What if you made an interactive short film with a Google Street View style camera, where the viewer could freely look around through the entire movie. It would be like one of the cut scenes from Metal Gear 4 where you can drive the little robot cam around as the guys in the station have a conversation. Except this would be live action.
You would have to have one man on camera, and all the mics would need to be internalized somehow, so no boom operators. No crew of any kind, really, since all angles need to be visible. The director would probably have to be the camera man.
Obviously the cinematography would be limited, and mostly left up to the viewer. You could cut between shots and scenes, and even camera placement, but angles would be in the audience' hands. For the sake of avoiding disorientation, it would probably be best to have one continuous camera shot per scene.

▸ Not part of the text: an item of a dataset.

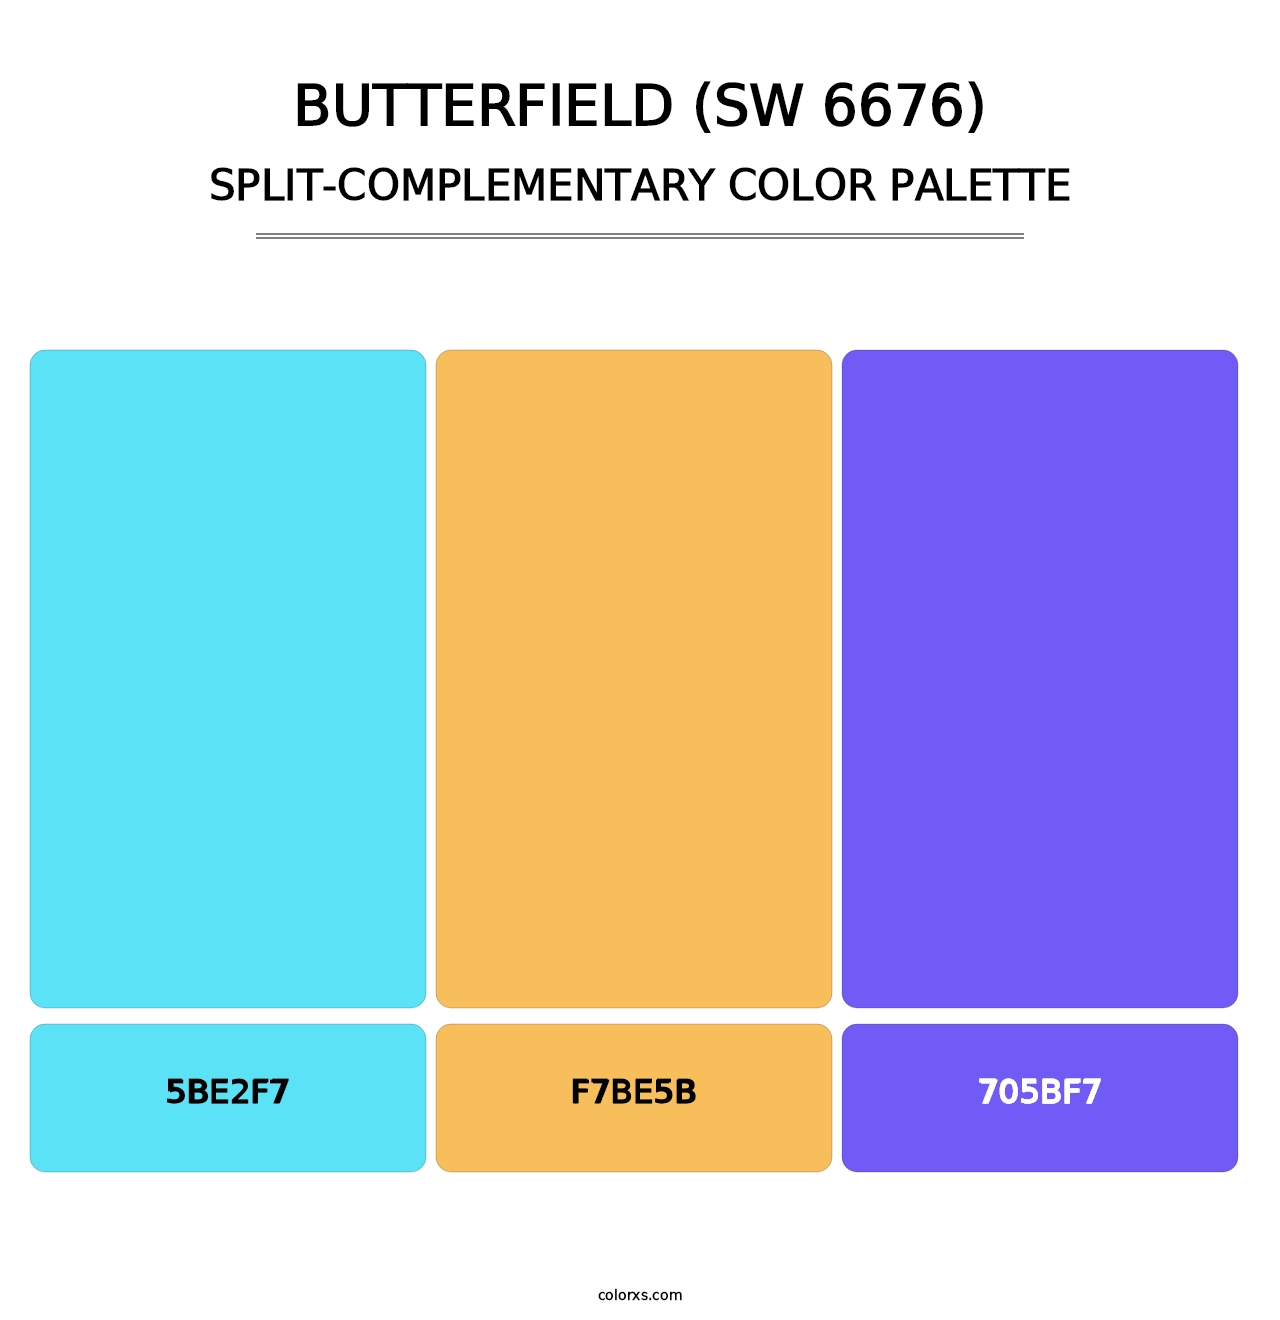 Butterfield (SW 6676) - Split-Complementary Color Palette

The camera, of course, would have to shoot video and link every angle in every frame together pretty seamlessly for looking around. It might take quite a bit of processing power to stream it all at once. And you would need some type of software to run it, with controls for looking around, for playing, pausing, stopping, rewinding, and fast-forwarding, etc. It would also probably need a pre-recorded auto-pilot mode that looks around for the audience, if nobody wants to control the camera.
It's likely too much work with too little reward right now, but maybe someday.
Edit: Wow, it's actually happened. Not a feature film, but the camera does exist!